Cells treated with cocaine for 48 h exhibited a higher rate of death compared with 24 h of treatment (Fig. 1A and B); in order to prevent severe loss of cells, 24 h of treatment was selected as the end point for subsequent experiments. The effect of cocaine on the production of O₂^- free radicals and H₂O₂ in cells with or without LPS and IFNγ stimulation was determined. It was found that there was no difference between the unstimulated or stimulated groups irrespective of cocaine treatment (P>0.05) for either of the products (Fig. 2A and B).

Next NO generation in cells was observed following stimulation and treatment. To determine the optimum concentrations of LPS and IFNγ, the cells were initially treated for 24 h with increasing concentrations of IFNγ against a fixed concentration (2.5 µg/ml) of LPS (Fig. 3A). Similarly, a dose-response experiment was performed for LPS was performed for 24 h against a fixed concentration (2.5 µg/ml) of IFNγ (Fig. 3B). It was found that 0.2 µg/ml LPS and 6 µg/ml IFNγ were ideal to stimulate NO/NO₂^- production without compromising the cell viability (data not shown), consistent with a previous study (24). Based on this, the cells were stimulated with LPS and IFNγ at these doses, and treated with cocaine for 24 h. Lack of LPS and IFNγ stimulation did not result in altered NO/NO₂^- production in the cocaine treated cells (Fig. 4); however, when stimulated with LPS alone, cocaine at different concentrations increased NO/NO₂^- production significantly in a dose-dependent manner compared with the unstimulated cocaine-treated cells (P<0.01), corroborating a previous report on LPS-induced NO/NO₂^- production (25). Conversely, IFNγ-stimulated cells did not produce NO/NO₂^- following cocaine treatment. However, LPS and IFNγ-stimulated cells treated with cocaine showed a significant increase in NO/NO₂^- production (40-50x; absorbance, 0.04 to 0.05, respectively; Fig. 4) compared with the unstimulated cells (absorbance, 0.001; Fig. 4; P<0.001).

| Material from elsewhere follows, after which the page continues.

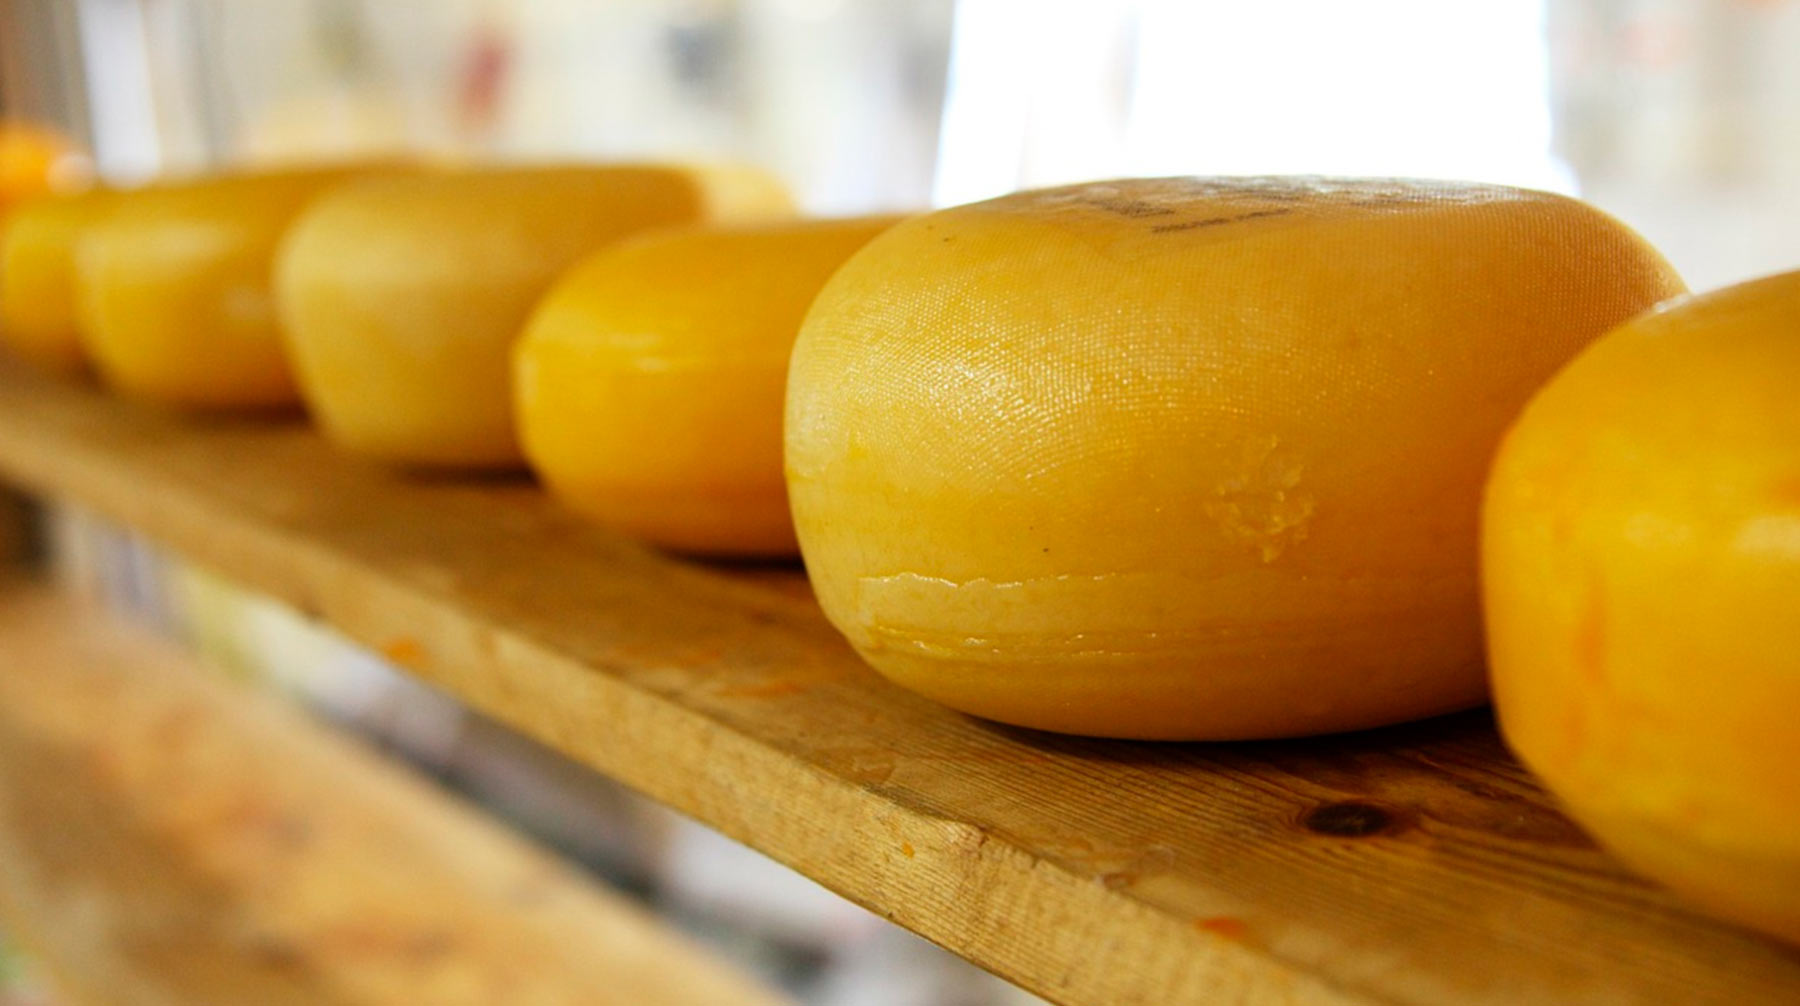 Для высококачественного сыра годится далеко не всякое молоко, отметили эксперты Фото: © pixabay.com

In the absence of external challenge to the cells, there was no significant increase in HIF-1α with cocaine treatment at 3 and 4 mM (Fig. 5). However, when the cells were challenged with LPS and IFNγ, the HIF-1α levels in cells treated with 4 mM cocaine increased significantly by 5-fold (P<0.05). The average increase was 25.3±4.9 pg/ml of the control (5.1±2.1 pg/ml).

In the absence of external challenge, cells treated with cocaine at 3 and 4 mM did not increase VEGF levels (Fig. 6). However, when the cells were challenged with LPS and IFNγ, the VEGF levels in the cells treated with 3 and 4 mM cocaine increased significantly (P<0.05). Compared with the control (41.8±4.5), the average increase was 60.5±3.9 and 66.4±1.1 pg/ml, respectively at 3 and 4 mM cocaine.